* [PROMPT]
Output the complete listing exactly, please, and keep the pictures out of it.

[[ INFORMATION SUPPLIED, beginning ]]

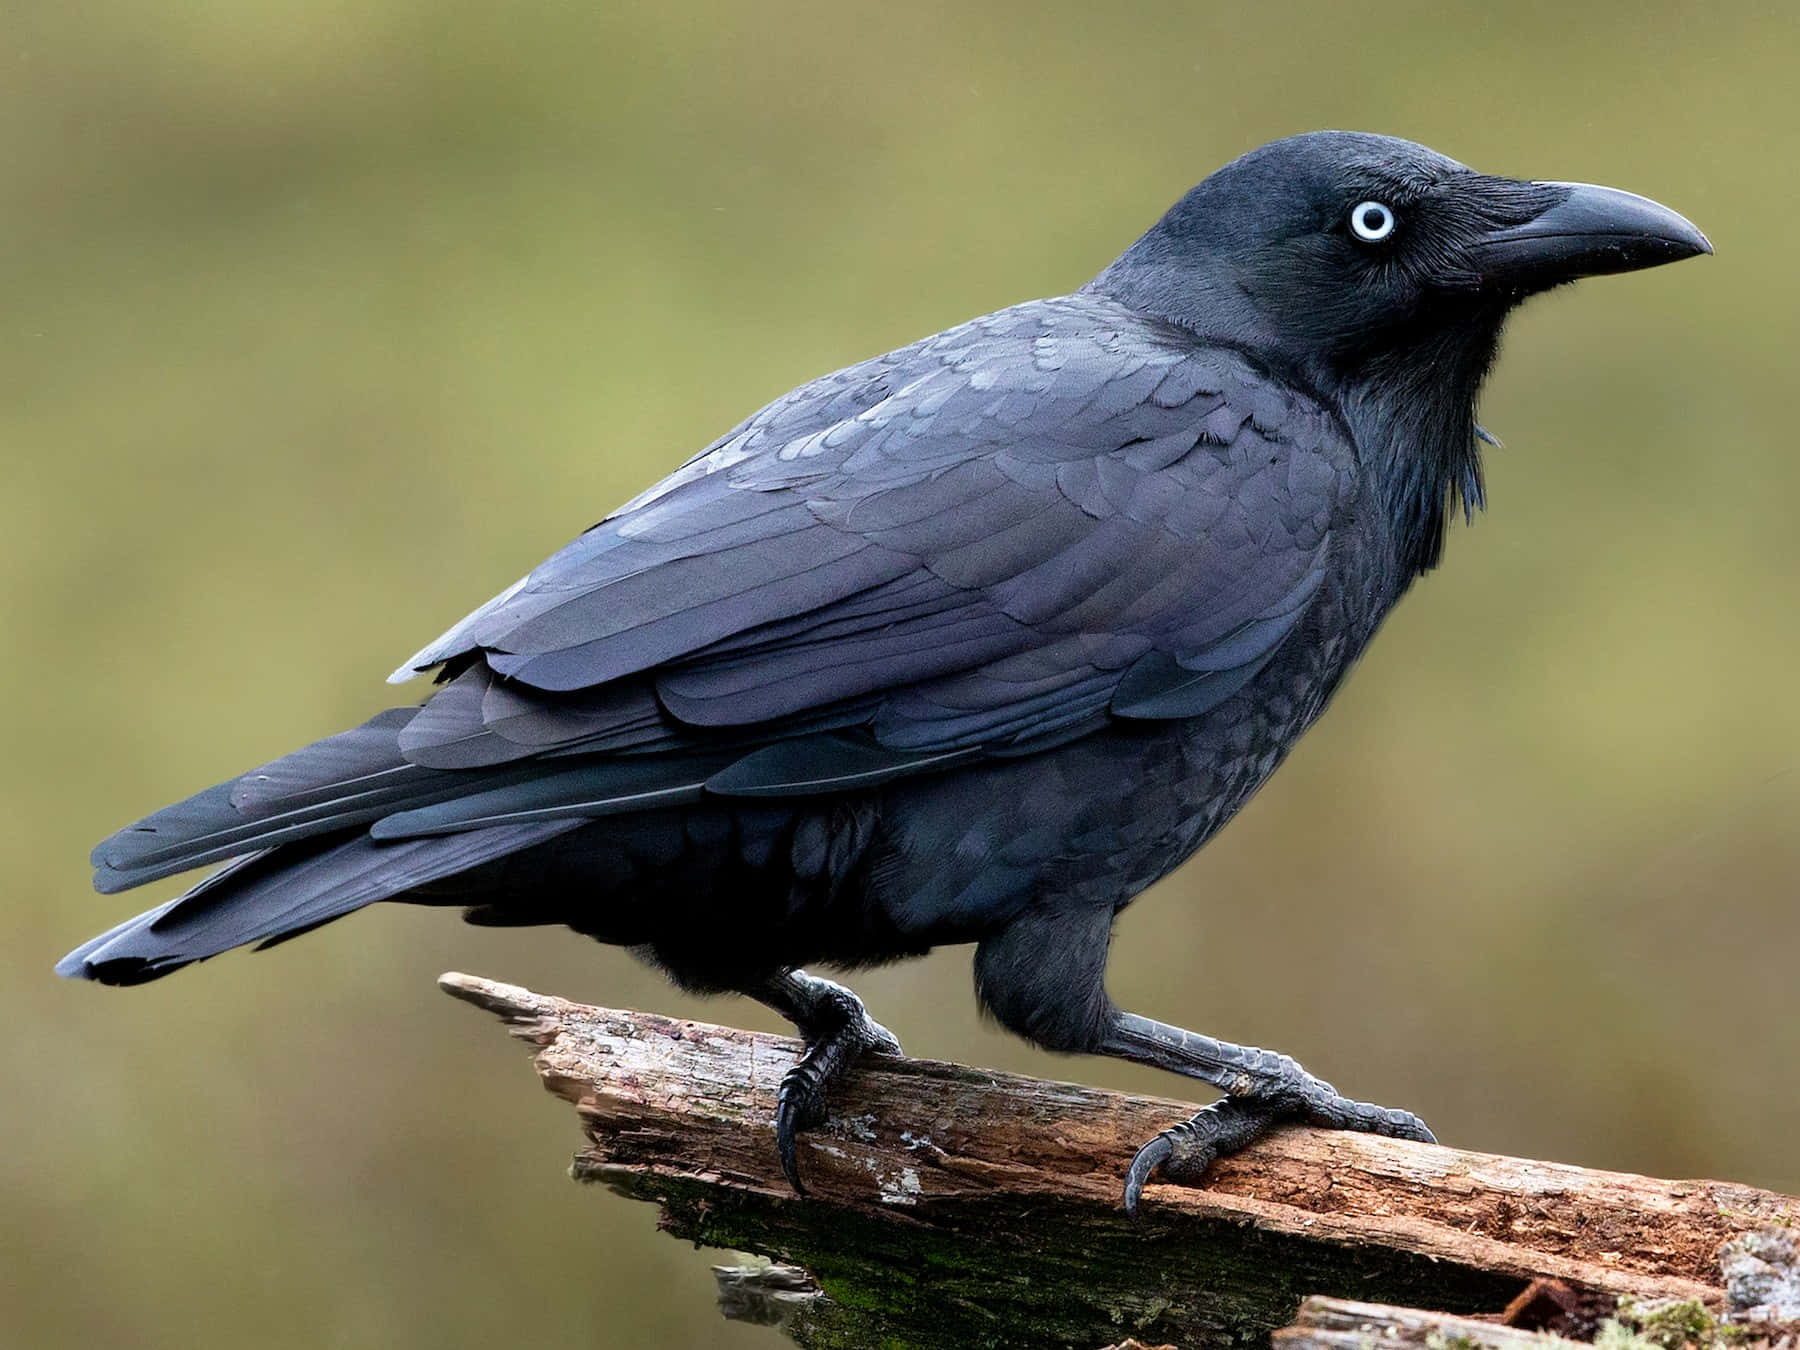 A dark and mysterious Raven perched atop a wooden post
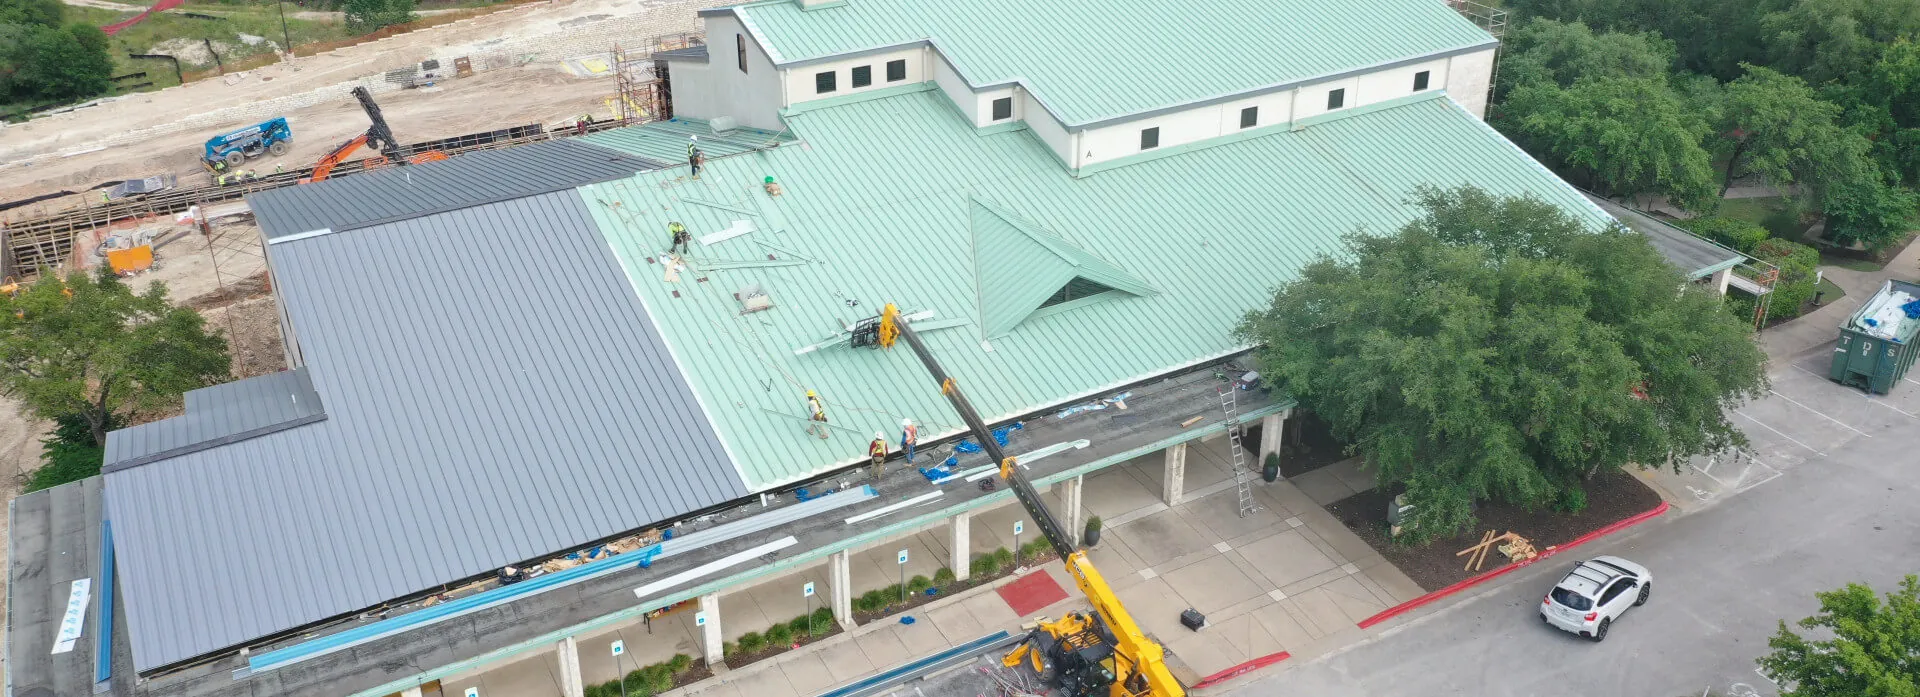 A Texas Roof Repair crew on a large commercial building installing a new metal roof.
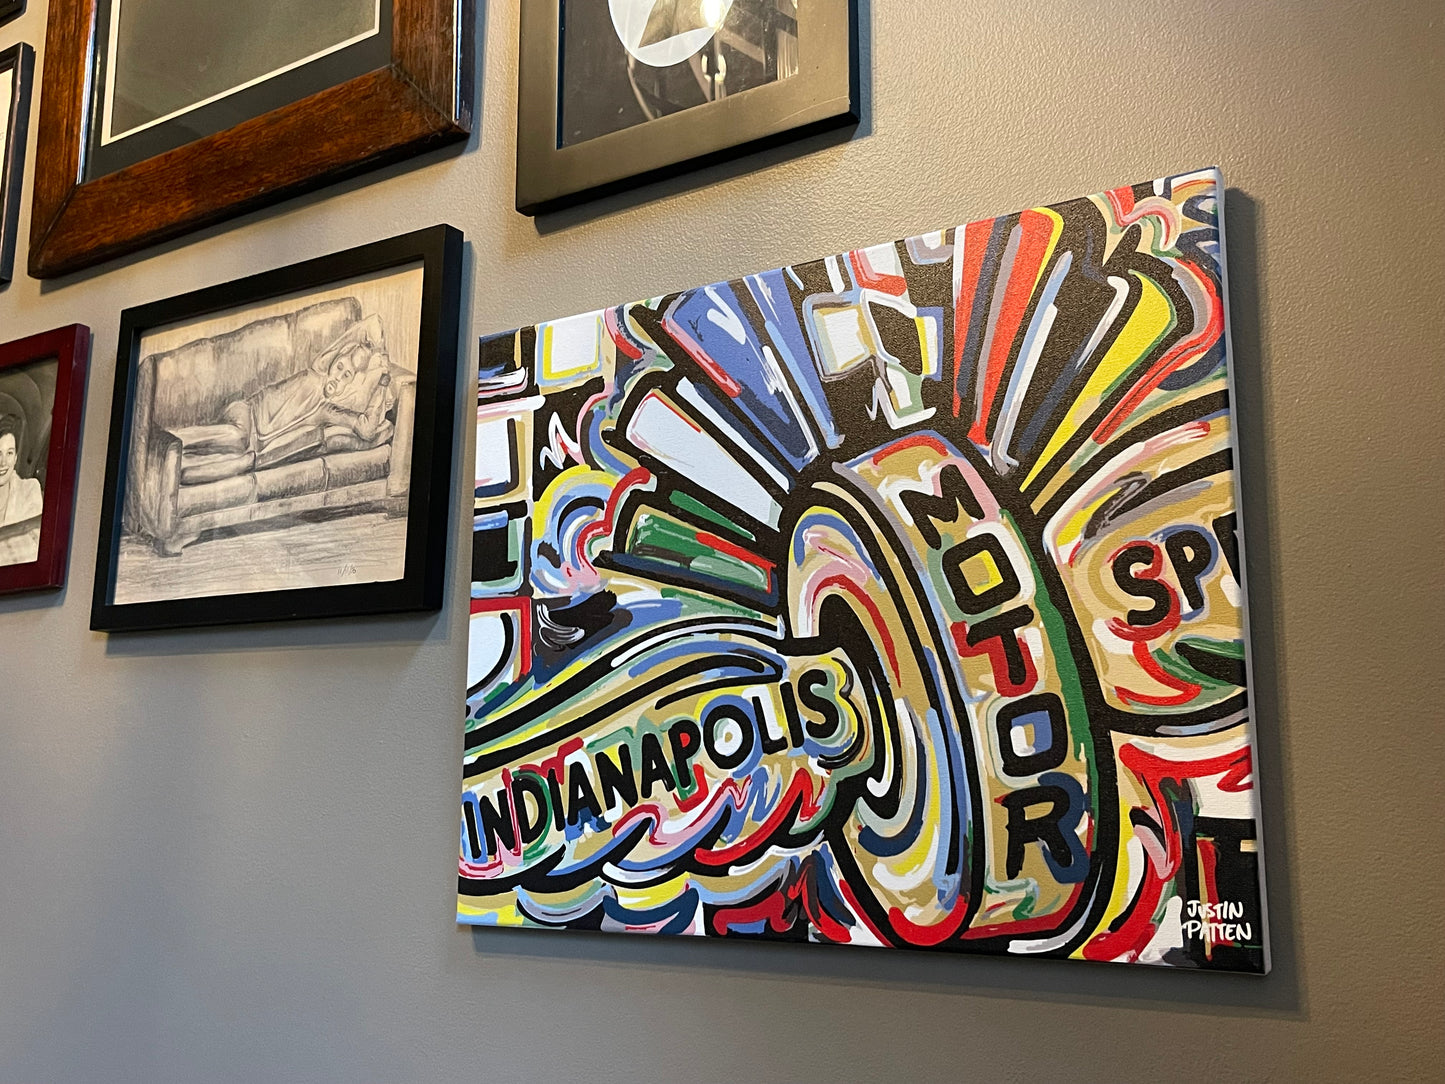 Indianapolis Motor Speedway 20"x16" Wing and Wheel Wrapped Canvas Print by Justin Patten
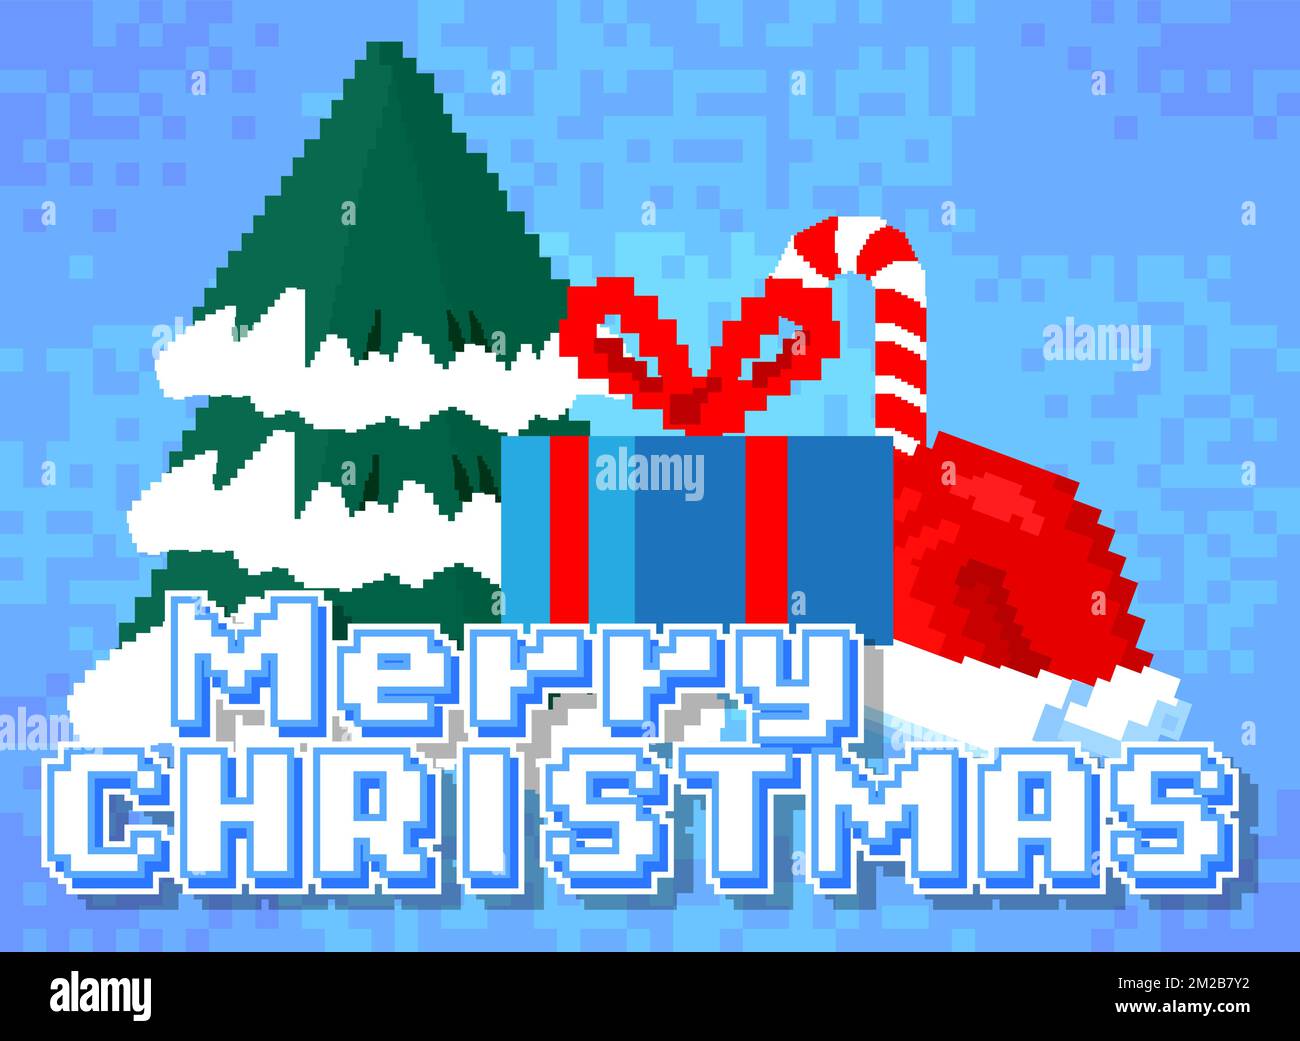 Merry Christmas. Pixelated word with geometric graphic background. Vector cartoon illustration. Stock Vector

[[ INFORMATION SUPPLIED, end ]]

* [TASK ANSWER]
 A dark and mysterious Raven perched atop a wooden post
 A Texas Roof Repair crew on a large commercial building installing a new metal roof.
 Indianapolis Motor Speedway 20"x16" Wing and Wheel Wrapped Canvas Print by Justin Patten
 Merry Christmas. Pixelated word with geometric graphic background. Vector cartoon illustration. Stock Vector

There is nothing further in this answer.